For every line below, output the text exactly and leave out images.

→ Collected data:
============
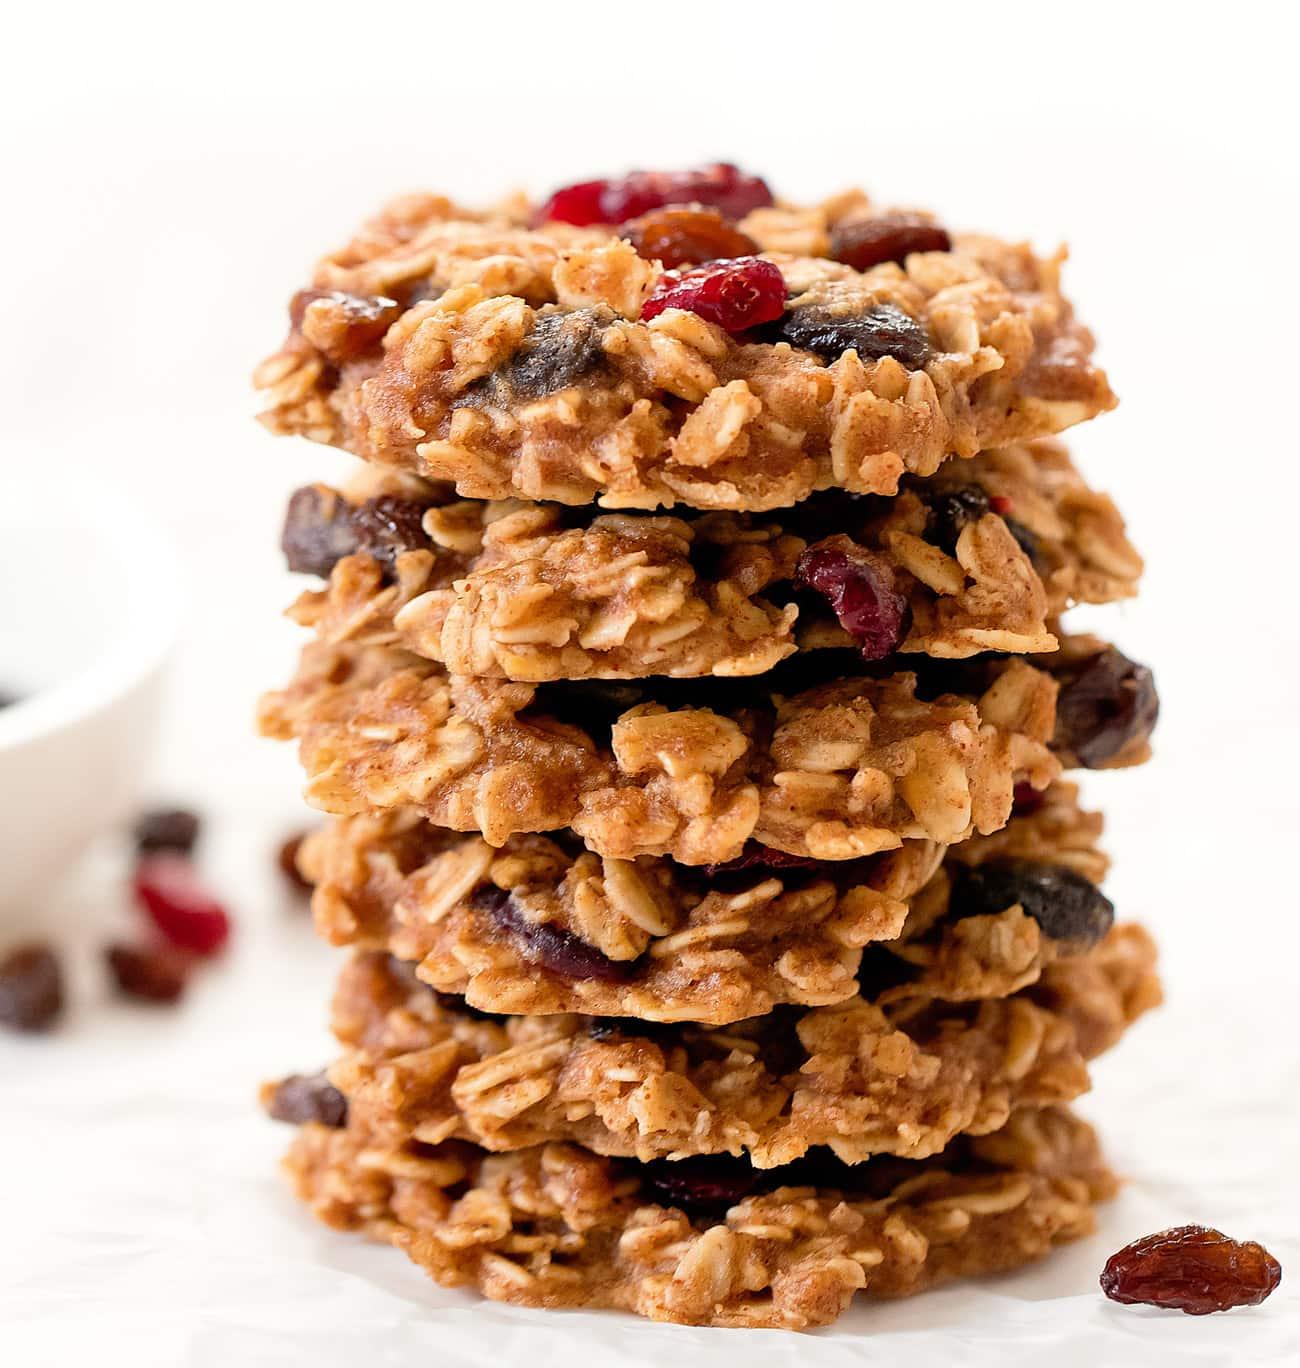 Healthy Oatmeal Raisin Cookies No Eggs Flour Butter Or Refined Sugar Kirbie S Cravings
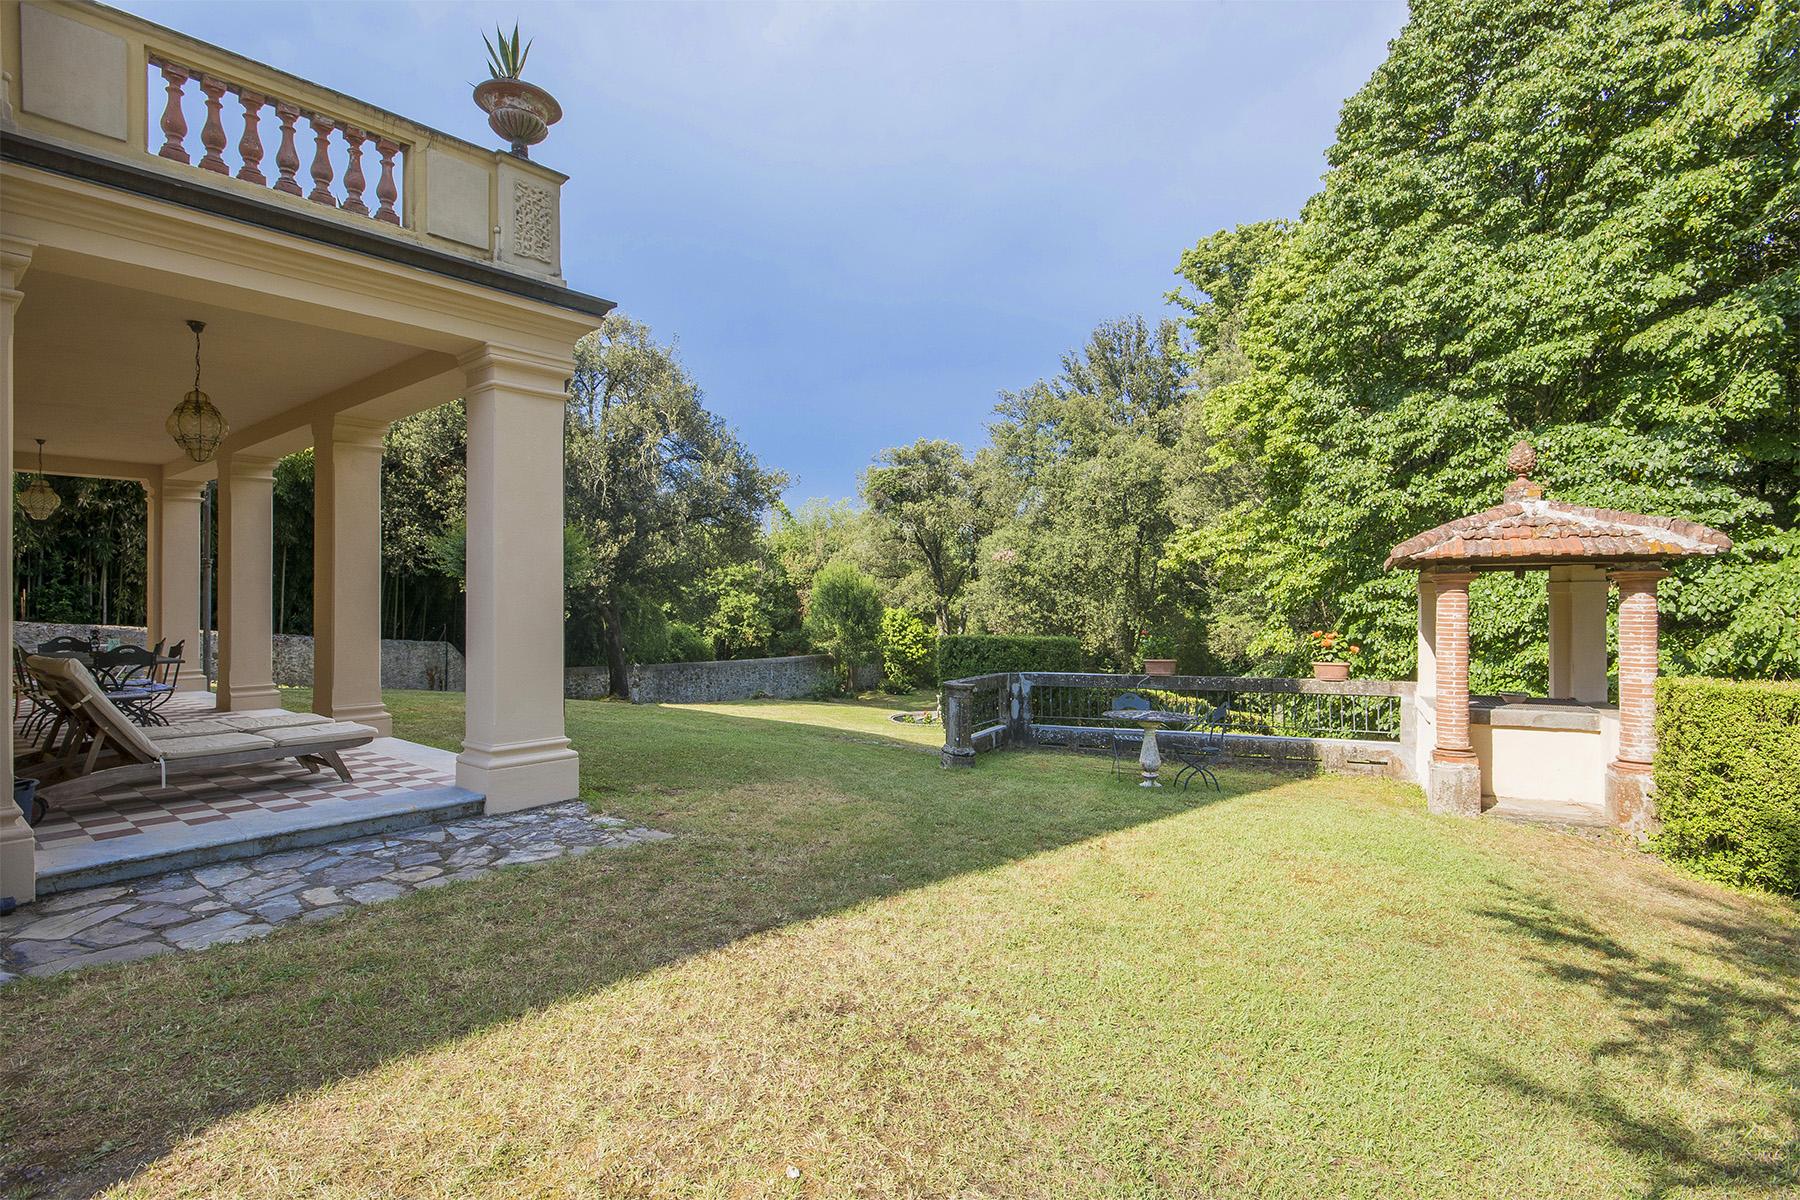 Villa in Vendita a Lucca: 5 locali, 1150 mq - Foto 14
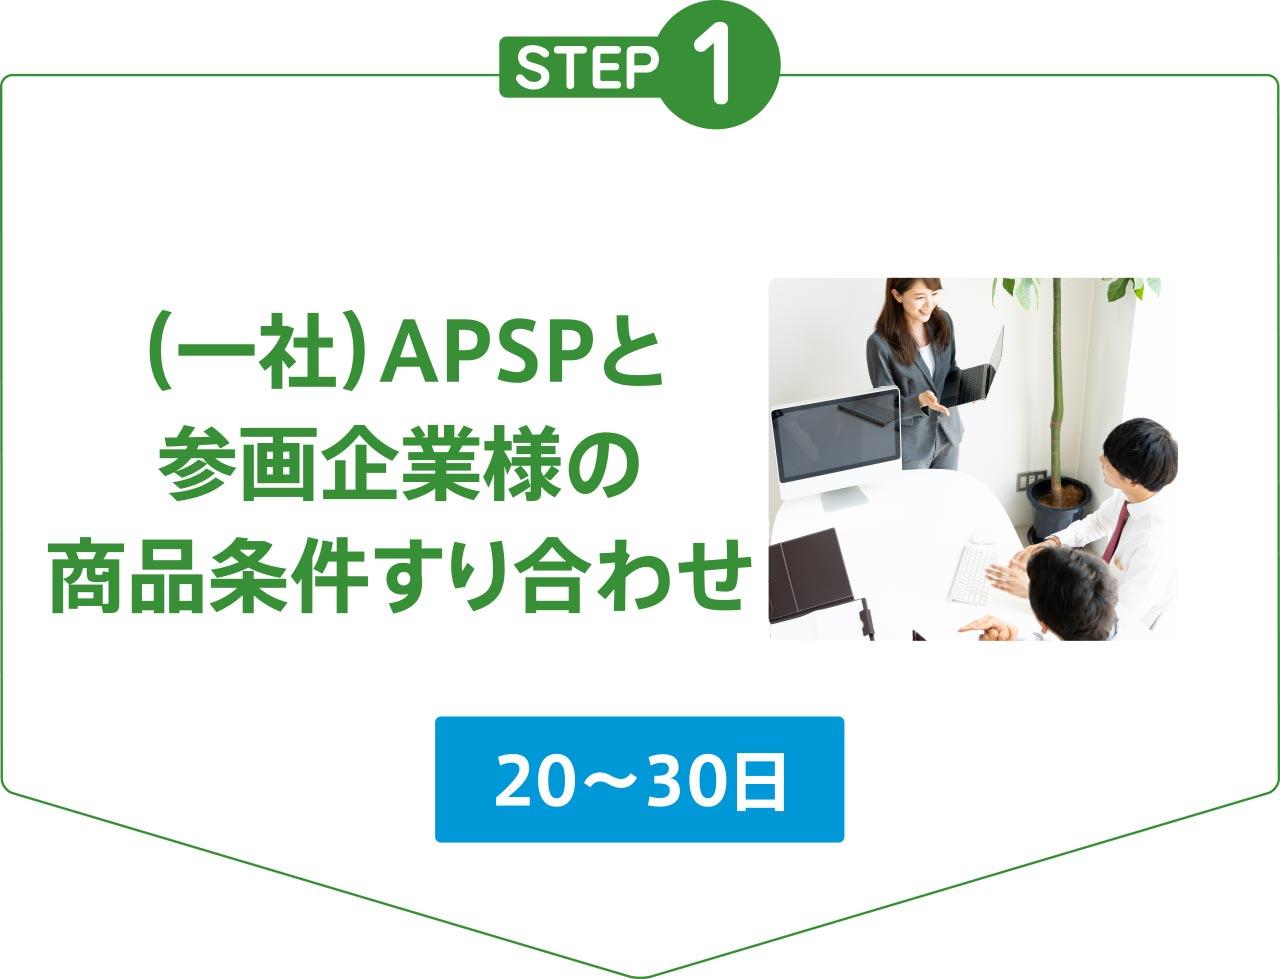 STEP1.(一社)APSPと参画企業様の商品条件すり合わせ
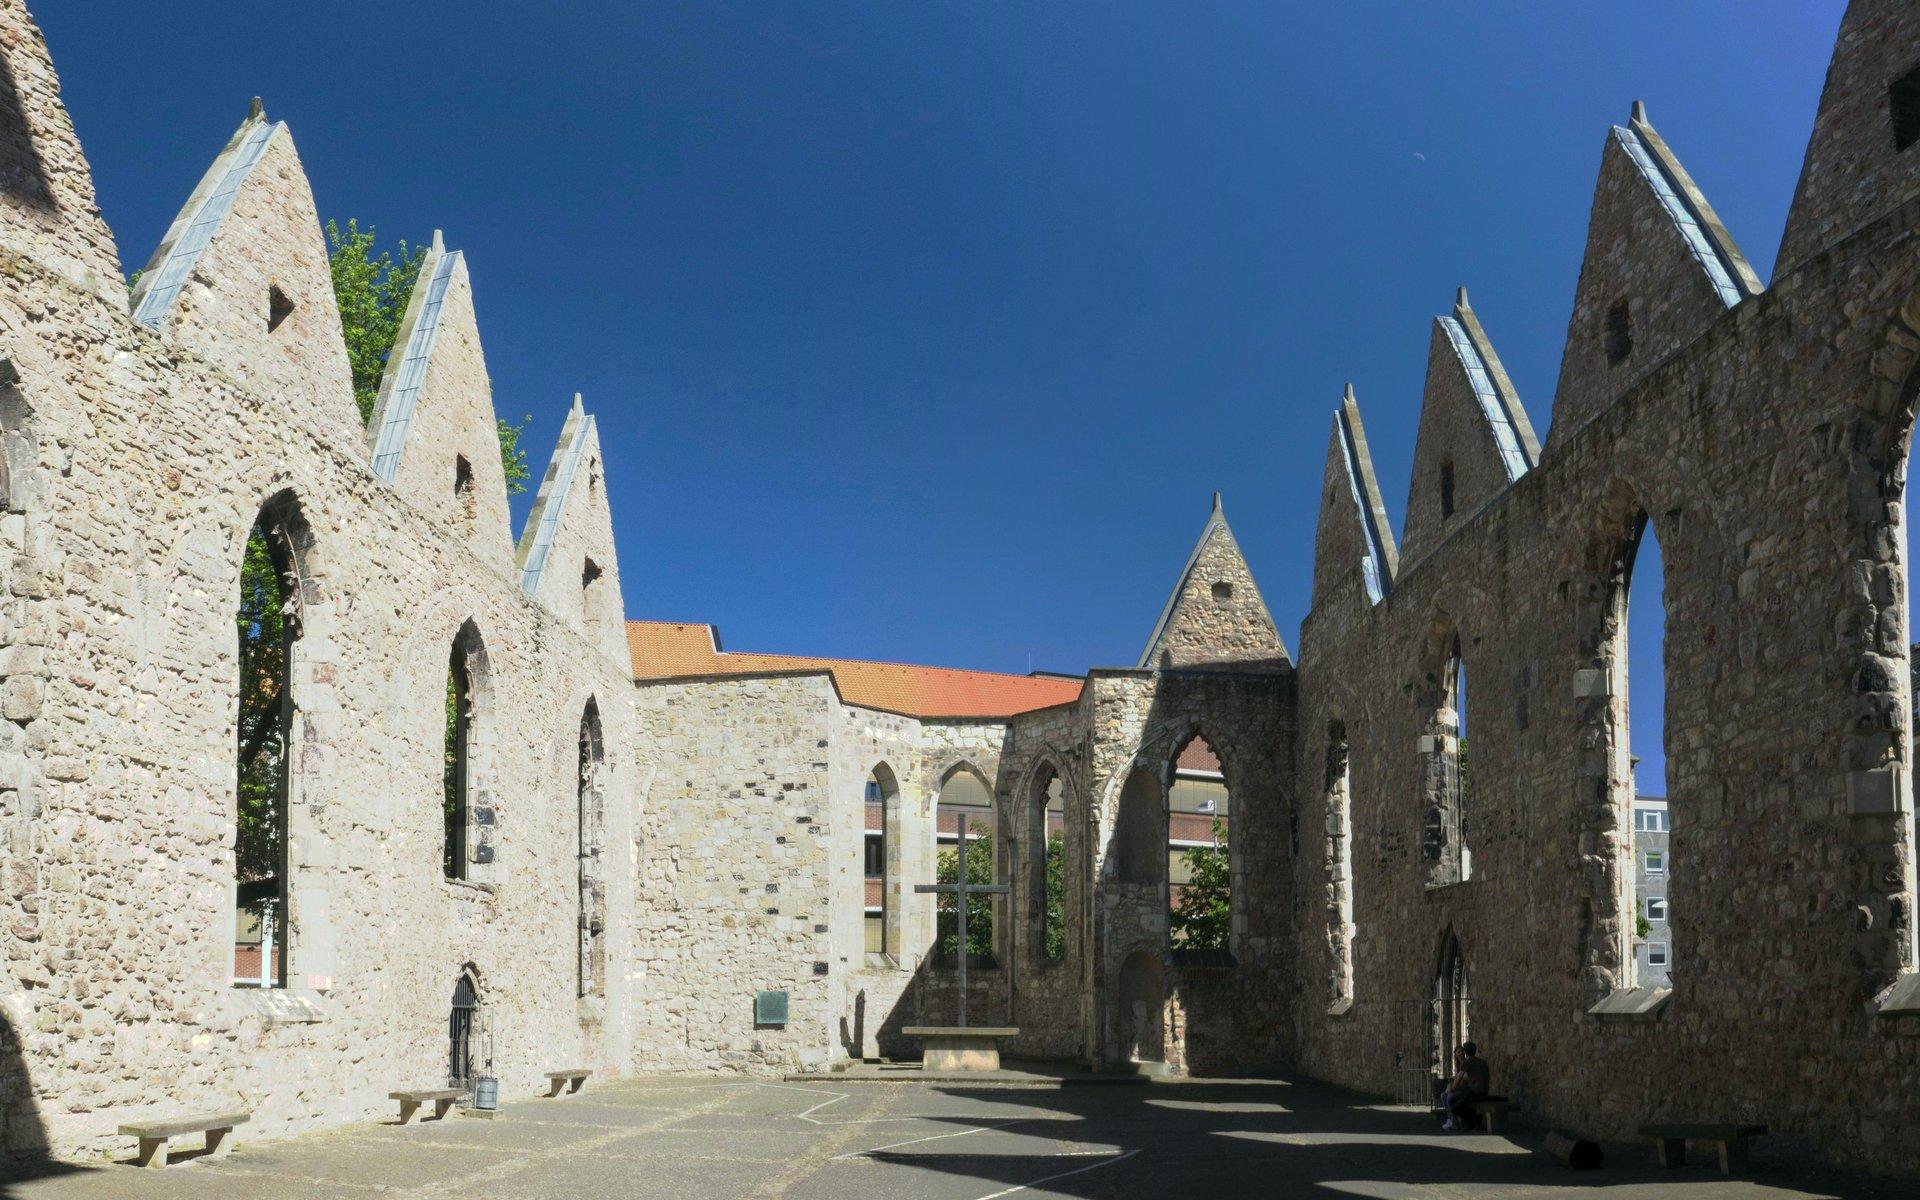 Aegidienkirche – Innenhof
============
→ Solution to the problem:
 Healthy Oatmeal Raisin Cookies No Eggs Flour Butter Or Refined Sugar Kirbie S Cravings
 Villa in Vendita a Lucca: 5 locali, 1150 mq - Foto 14
 STEP1.(一社)APSPと参画企業様の商品条件すり合わせ
 Aegidienkirche – Innenhof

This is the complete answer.